Moedas, ideologias e habitação
Carlos Moedas veio recentemente afirmar-se acima das ideologias na questão da habitação, com a reaccionária e populista ideia de que não se trata de ideologias, o que é preciso é trabalharmos todos para resolver o problema.
Isto até poderia ser remotamente verdade se houvesse um problema de falta de habitação digna. Como já houve neste país: a Revolução portuguesa encontrou um país com uma gritante falta de habitação, arregaçou as mangas e lançou-se na construção de habitação. O modelo económico preconizado pela Constituição – o Estado, o movimento cooperativo e a iniciativa privada, mesmo não esquecendo os evitáveis desvios especulativos desta última – impulsionou a construção de habitação em Portugal por décadas no pós-25 de Abril.
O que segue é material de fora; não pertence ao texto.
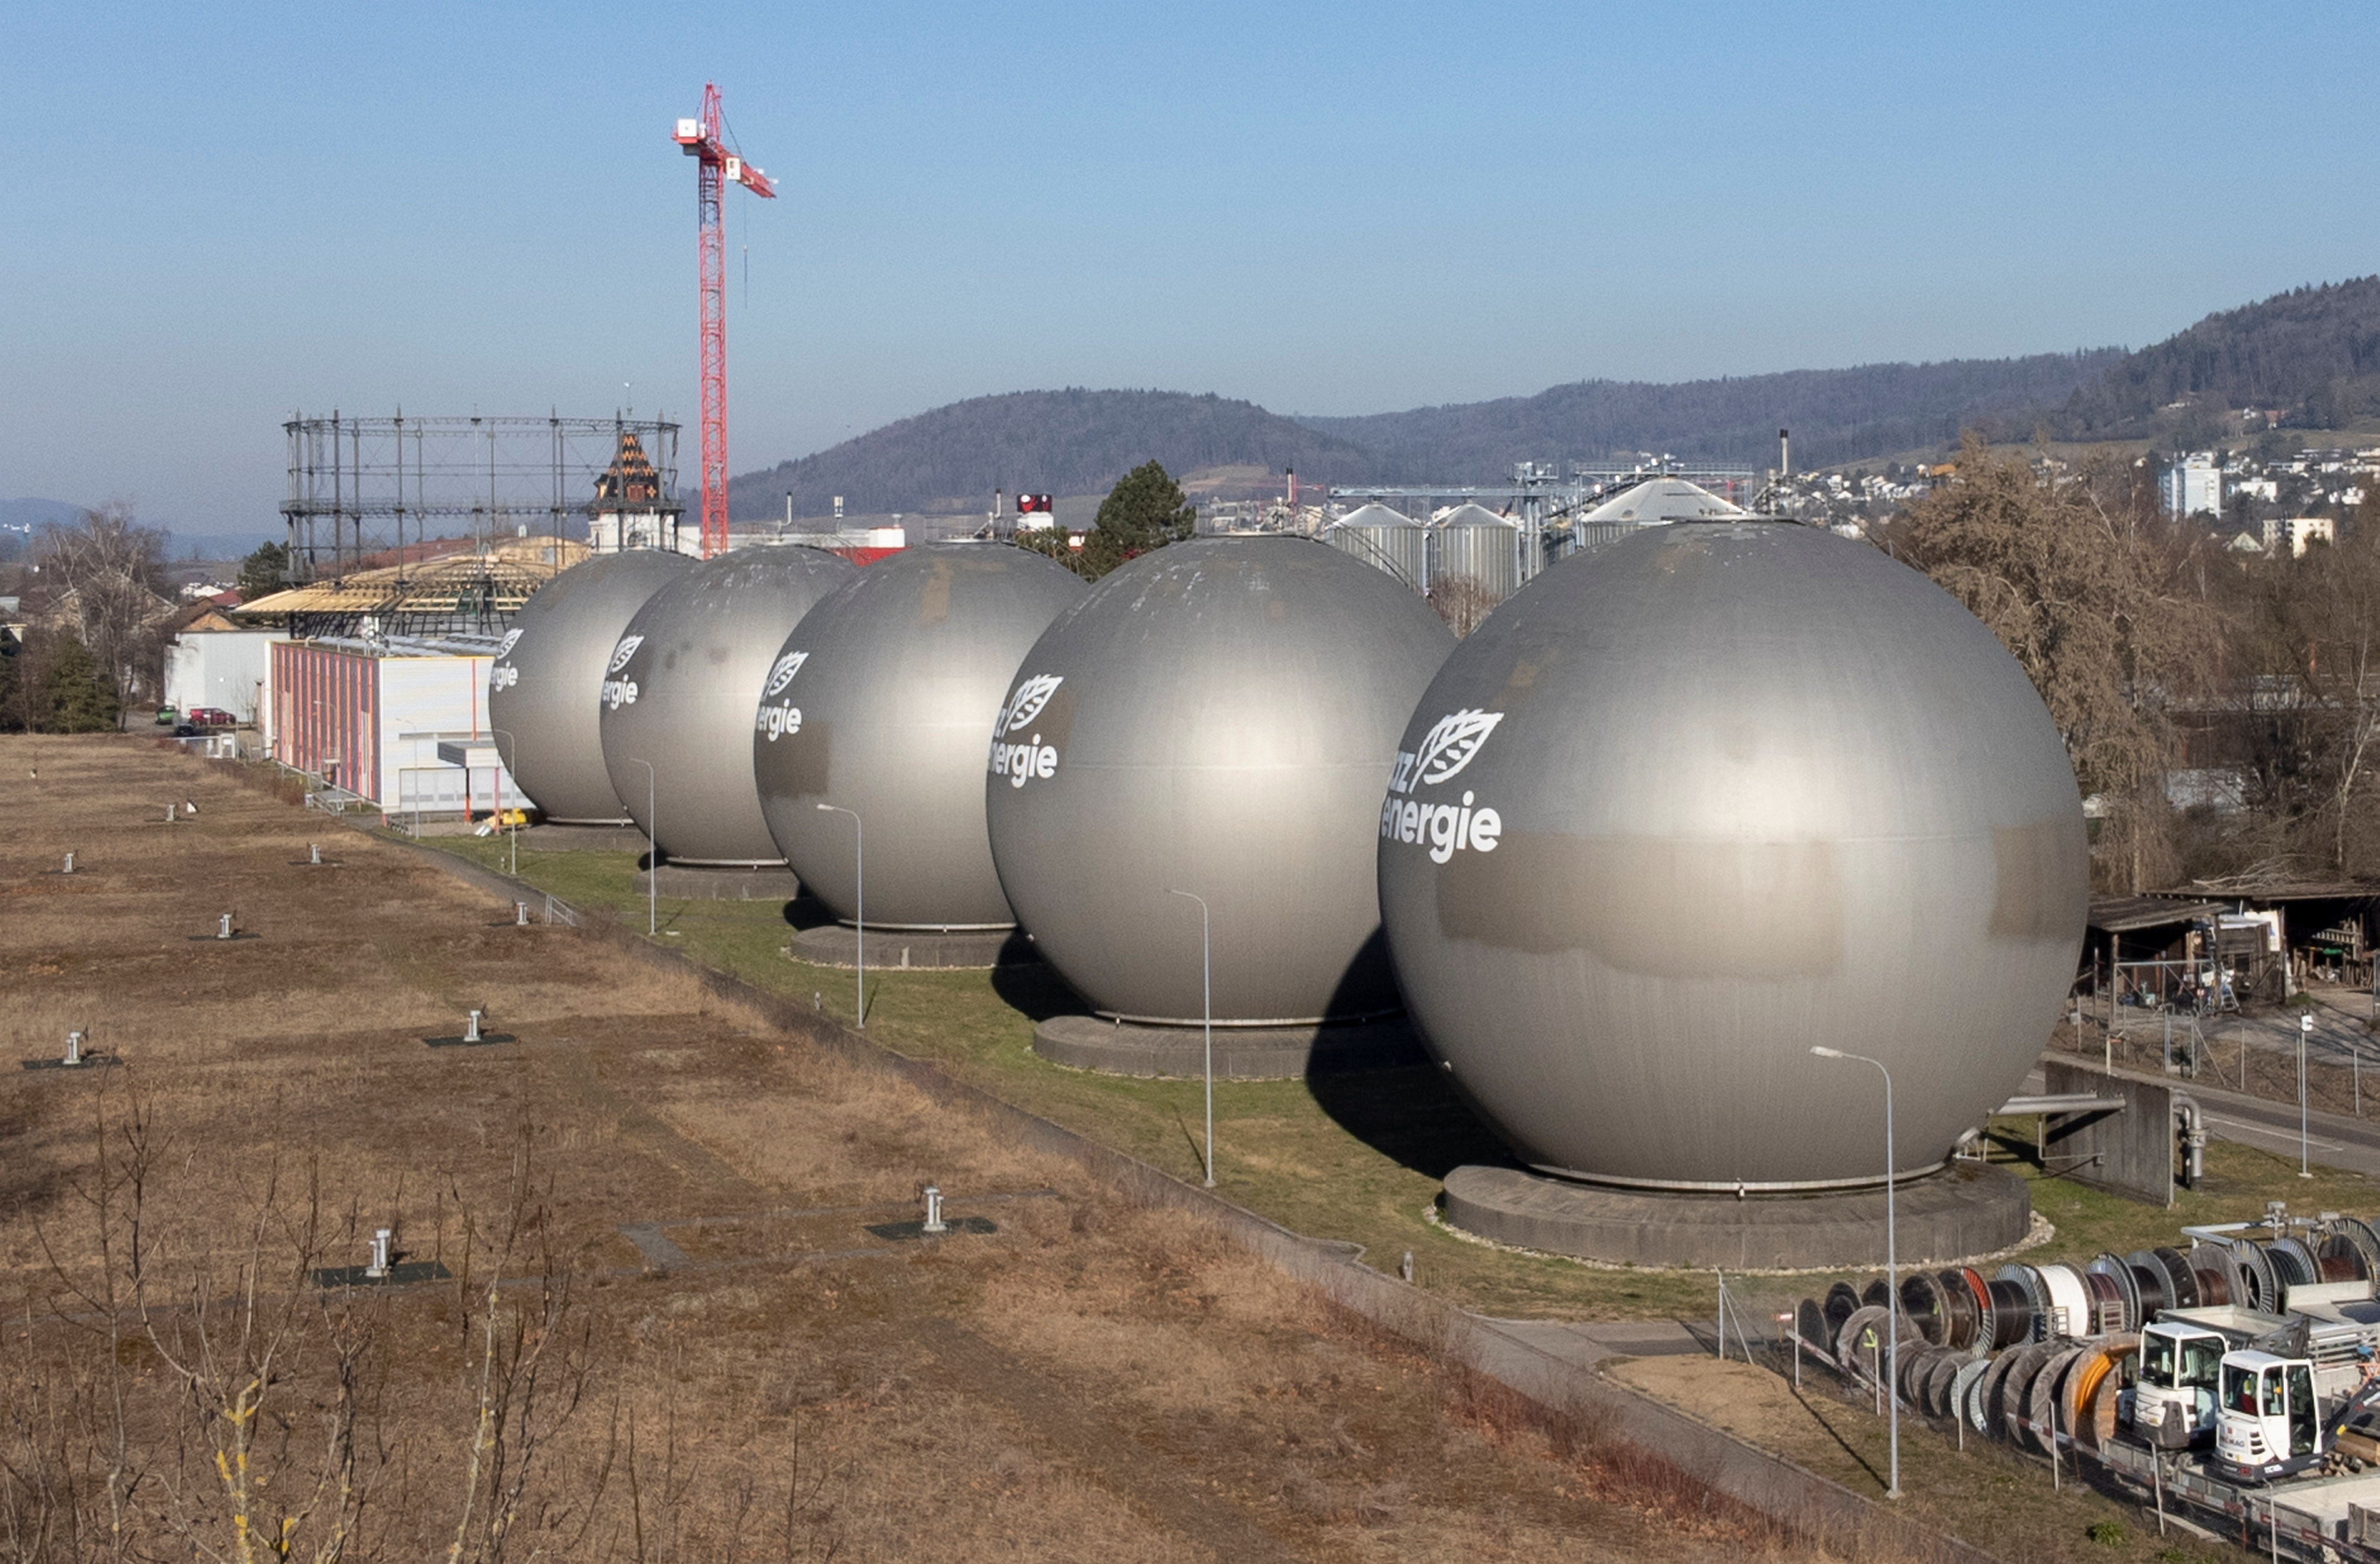 Tanks are seen at a storage facility of Erdgas Ostschweiz AG company in Schlieren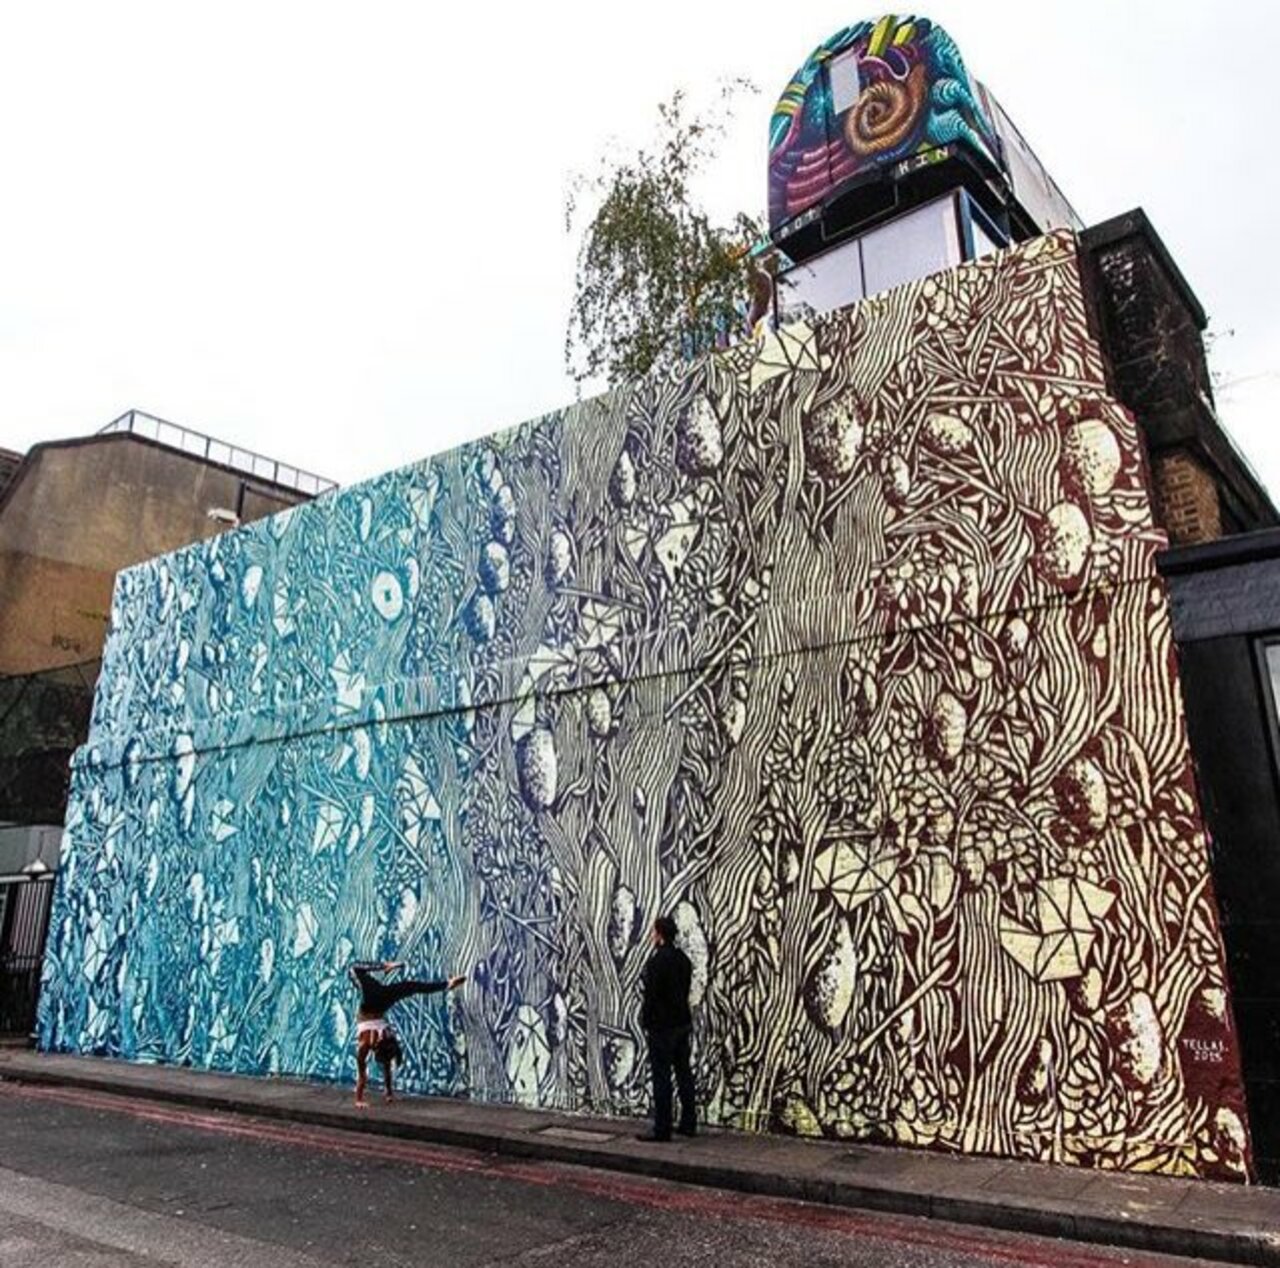 New Street Art by Tellas in Shoreditch London 

#art #graffiti #mural #streetart https://t.co/hyYxXfUCpw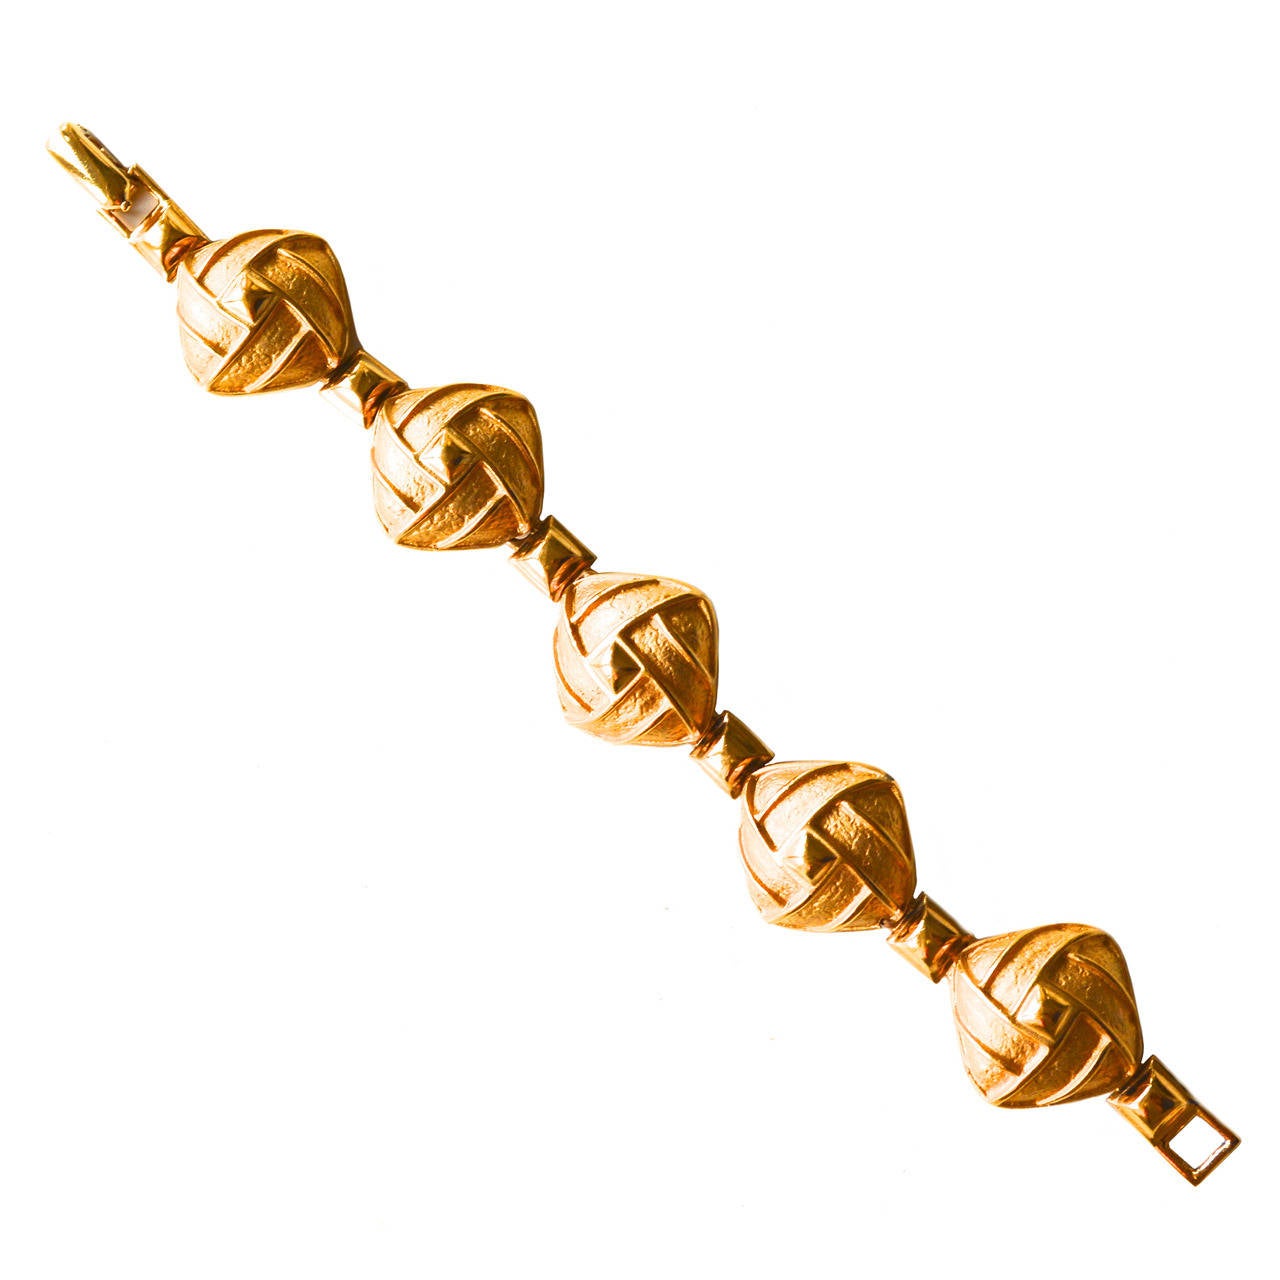 Halston Bracelet With Golden Woven Design

Hoje não existe um problema de falta de habitação digna. Existe um problema de falta de acesso a uma habitação digna. Existe um problema no mercado da habitação. E esse problema é criado por um conjunto de políticas que resultam de uma opção de classe concreta, defendida por uma ideologia concreta: a opção de classe é a de favorecer os interesses dos proprietários e dos detentores de capital, e a ideologia é o neoliberalismo, a ideia de que o mercado e a concorrência tudo resolvem.
A socialização e desmercantilização da habitação é a base para se resolver o problema. E não é possível estarmos todos juntos a fazê-lo, porque existe um conjunto de interesses, desde fundos imobiliários a pequenos, médios e grandes rentistas, que beneficia com a actual situação e não a quer alterar. É ao lado deles que está Moedas, foi ao lado deles que esteve Medina, e é do lado deles que nos acenam com a ideia de que temos todos de resolver o problema. Quando o que é preciso é que o povo se organize para resolver o problema do povo. E voltar a afirmar que antes do direito deles à propriedade está o direito do povo à habitação, que antes do direito deles de viver das rendas arrancadas a quem trabalha, está o direito de quem trabalha a uma vida digna.
A ideologia é o complexo edifício que torna qualquer opção simples, evidente, natural. Mesmo opções antagónicas. Que o povo não se deixe desarmar.